If there is no such xs:element, then we compare the instance element name and the "current particle" name.
- If they match, then the instance is inferred as to be valid against the current particle. In that case, if "occurrence flag" is OFF, then set it as ON, and if the flags is already ON, then set maxOccurs="unbounded". And extend the current particle as to accept the instance element.
- If the input QName doesn't match, if the "occurrence flag" is ON, then it was already inferred successfully, thus move to the next sequence item and continue comparison (if no more particle, create a new element definition). If the flag is OFF, then it means that the last particle didn't appear. There are two possible processing at that state. Maybe MS.NET set the particle xs:element as minOccurs="0" (optional), while Mono just regards that the sequence inference failed and switches to pattern (B) above.
If the input finished and there are still remaining particles in the sequence, then those remaining items become optional i.e. minOccurs="0".
Element particle matching
When finding an element by QName, the target name might be XmlSchemaElement.RefName instead of XmlSchemaElement.Name for those elements that have different target namespace. That means, current target namespace (the corresponding target namespace of the XmlSchema that contains the XmlSchemaComplexType that contains the XmlSchemaSequence) is always kept track. Since XmlSchemaElement items might not be compiled, its QualifiedName property is not ready to be used.
Text data type (predefined type) inference
The final part is predefined type inference (XML Schema Datatypes). Well, I've mostly described what we should pay attention yet.
MS XmlSchemaInference rejects non-predefined simple types. There is no chance that simple restriction, list and union are inferred (it is also true to Mono XmlSchemaInference).
Thus, all XML Schema facets are useless here.
If all datatypes fail to validate the value, then the type becomes xs:string. It also applies to when doing "merged inference". Merged inference is a such inference that examines if existing predefined type allows the input, and in case of invalidity it walks up base types and continue validation.

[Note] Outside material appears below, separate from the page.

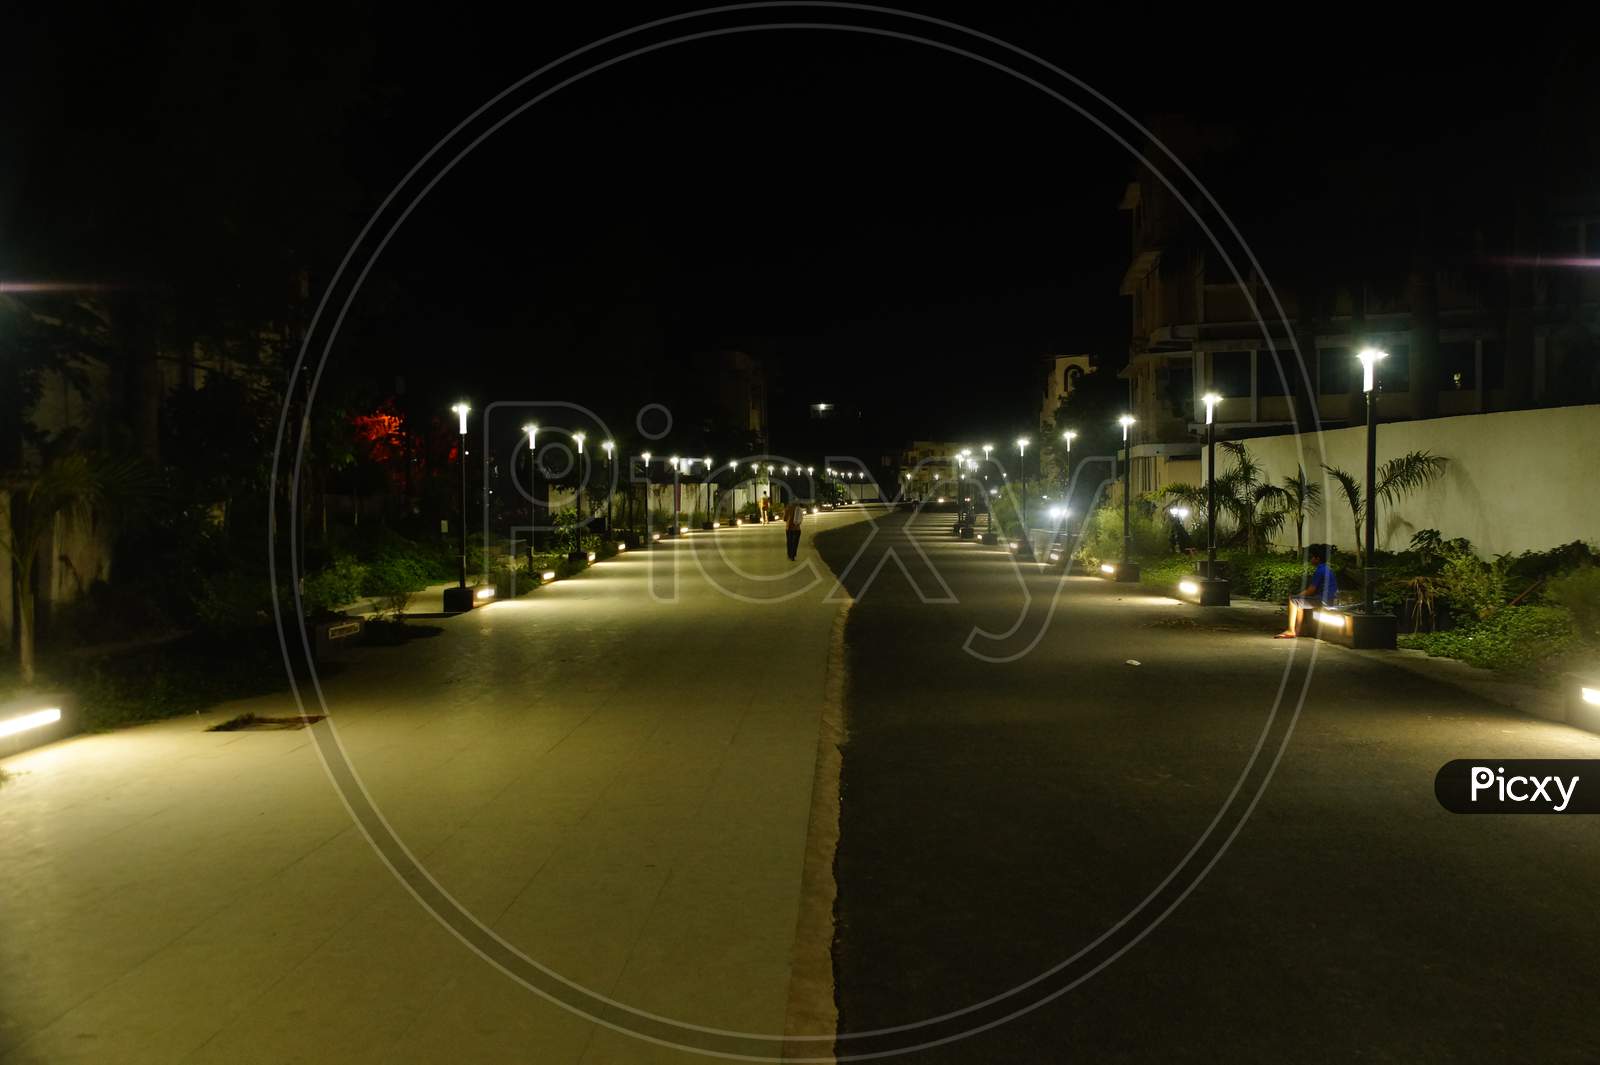 Night view of a walking track made above a sewage tunnel by Jabalpur Smart City Project

In Microsoft XmlSchemaInference, numeric inference is very strictly done. I think it is still useful if it handles integer, decimal and double, but MS implementation starts from unsignedByte, byte, short... and float. If the instance did not show negative values, then the resulting predefined type is always non-negative. I wonder how it makes sense.
By the way the obsolete MS XSDInference had a bug that value text "0" and "1" are inferred as xs:boolean. It is fixed in XmlSchemaInference. The reason why such an inference is bad is that if the next value was "2" then it is not acceptable for xs:boolean and thus it must become xs:string (there is no chance to be xs:byte because there might be "true" or "false" values which xs:boolean accepts while xs:byte does not).

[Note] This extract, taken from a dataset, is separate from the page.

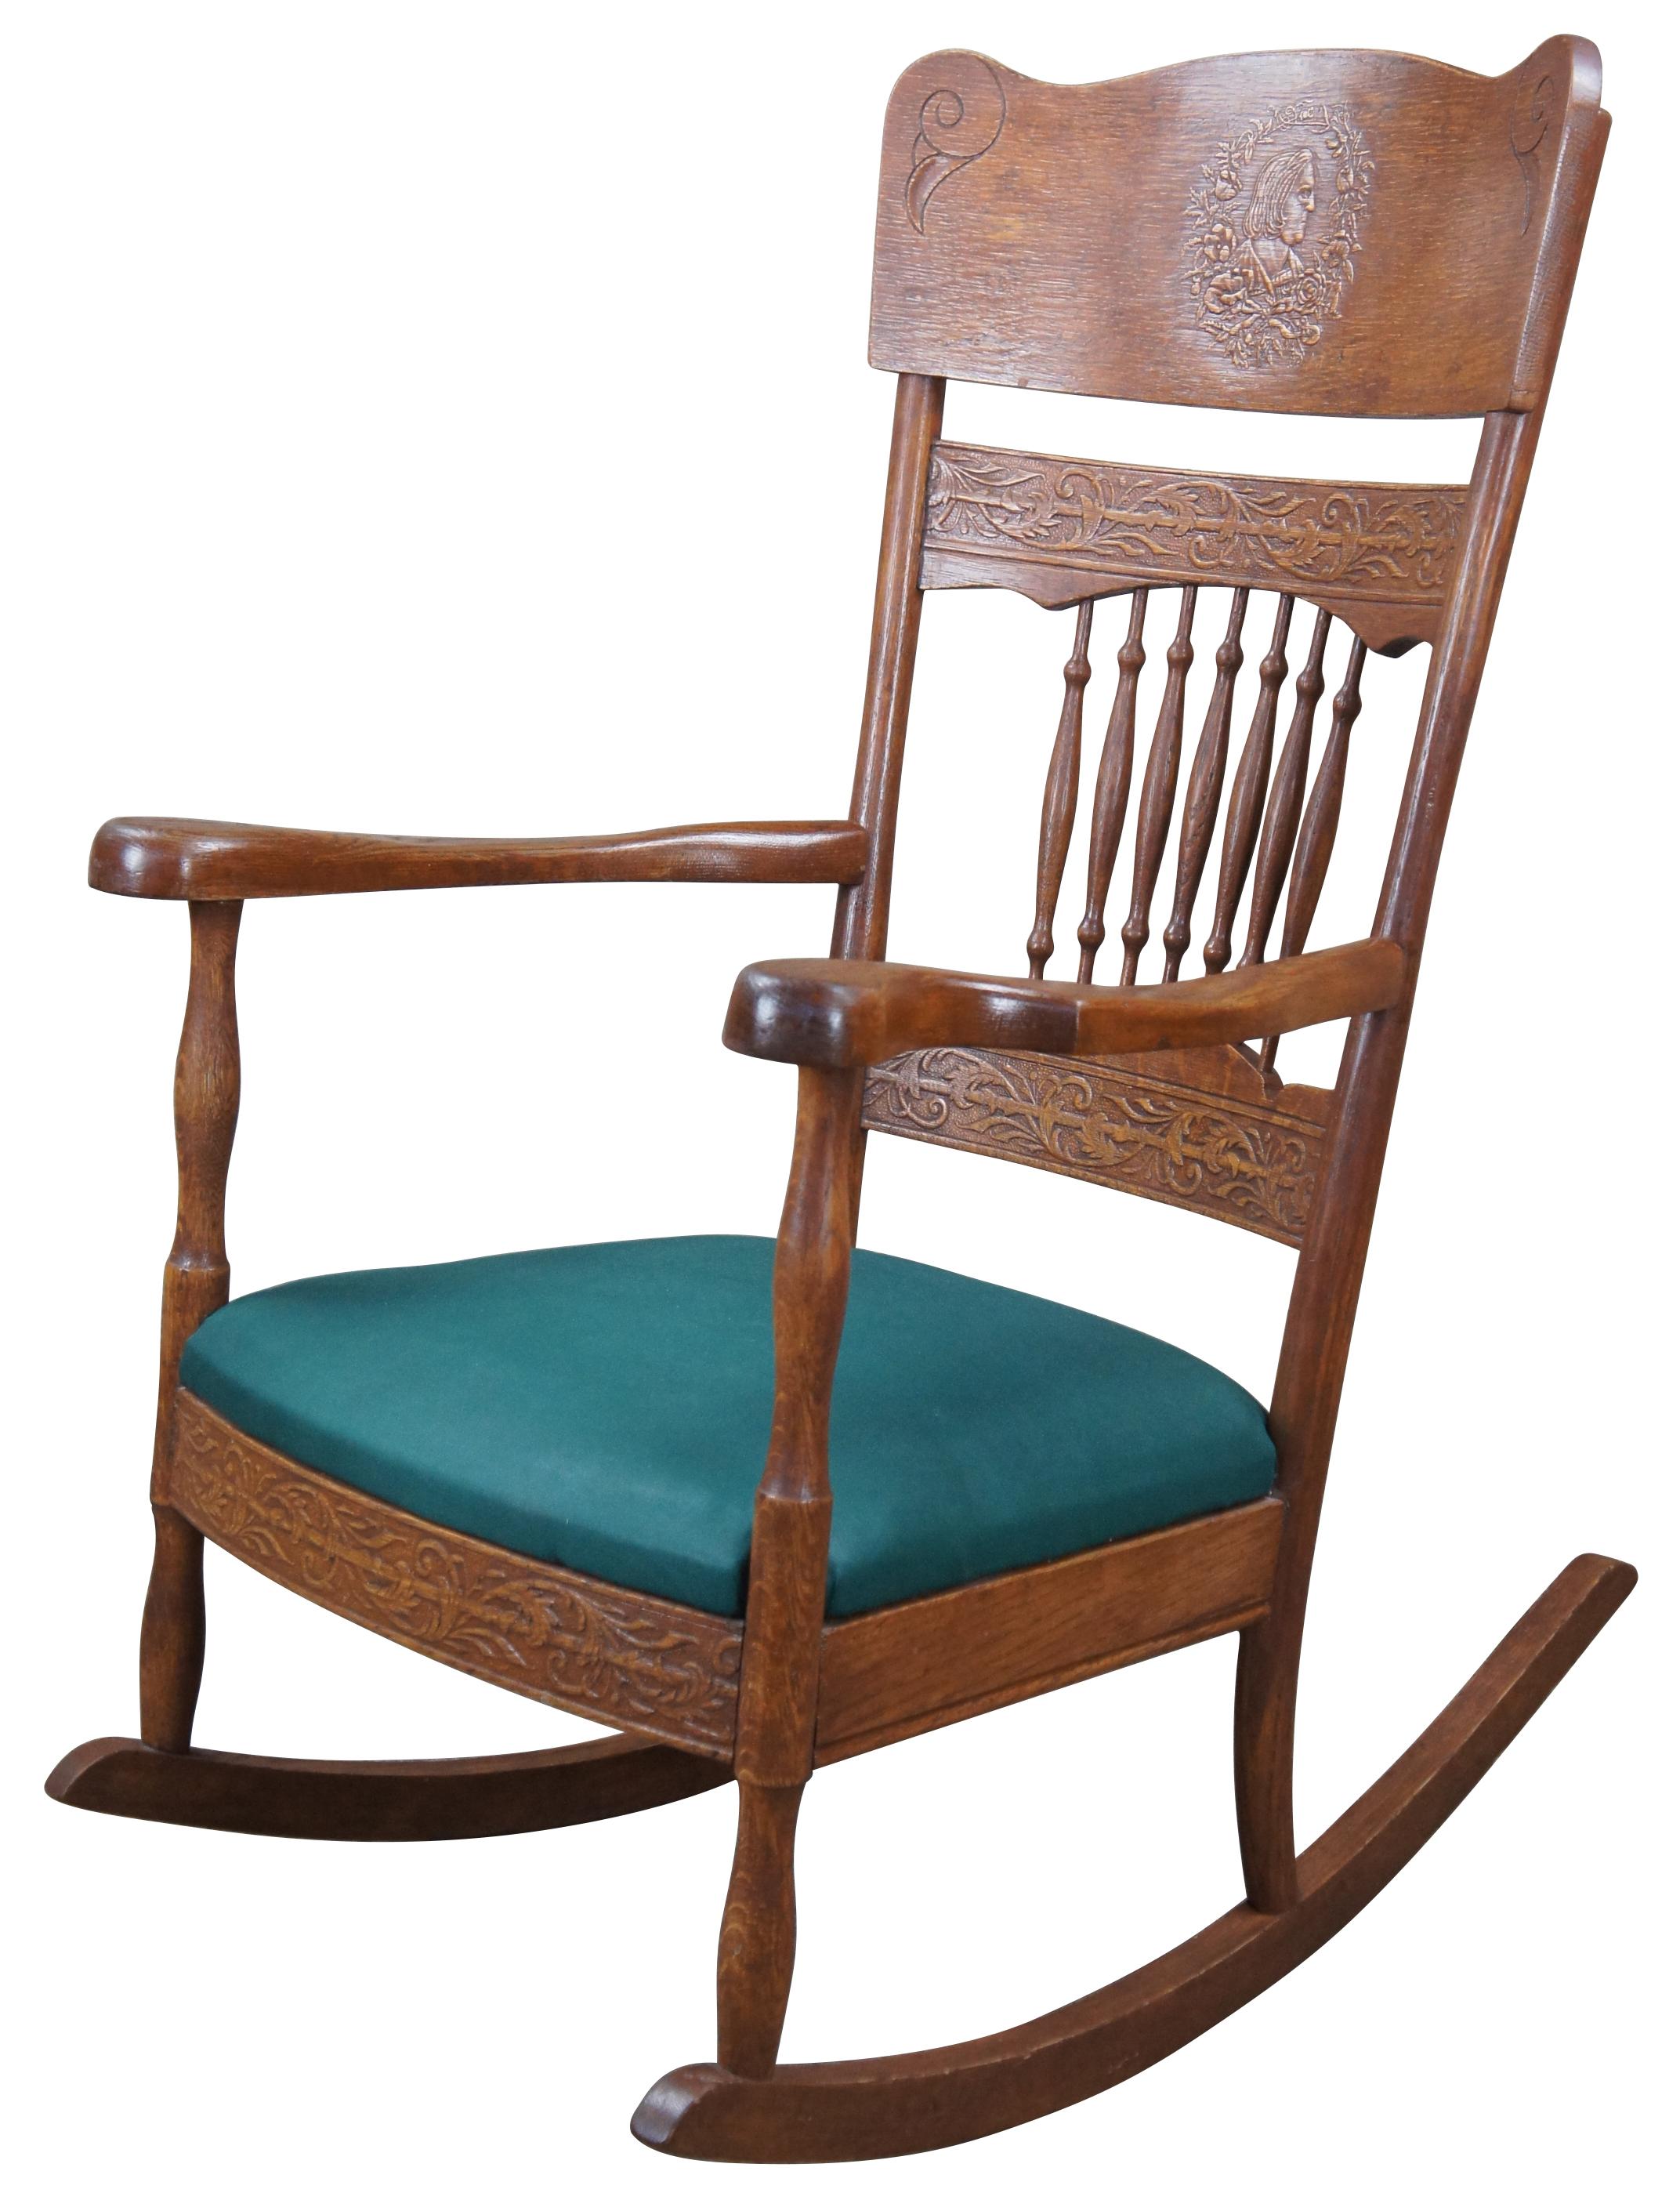 Antique late Victorian pressback rocking chair.  A beautiful design featuring a serpentine crest rail with a laurel wreath wrapped cameo at the center featuring a distinguished gentleman.  The cameo is flanked by decorative engravings along the

Other than numeric types, xs:boolean, xs:dateTime and xs:duration could be inferred.
Those derived types from xs:string are not inferred. No matter how string values were valid for xs:token, it is not inferred. Infering those derived types makes little sense. Also, xs:anyURI and xs:QName are not inferred (especially the latter one is strongly not practical since it depends on the context namespaces).
That's all
XML Schema inference might sound a difficult thesis, but it could be simple as long as we keep simple rules. What we actually needed is an explicit guideline on how we can expect those inference engines to create schemas.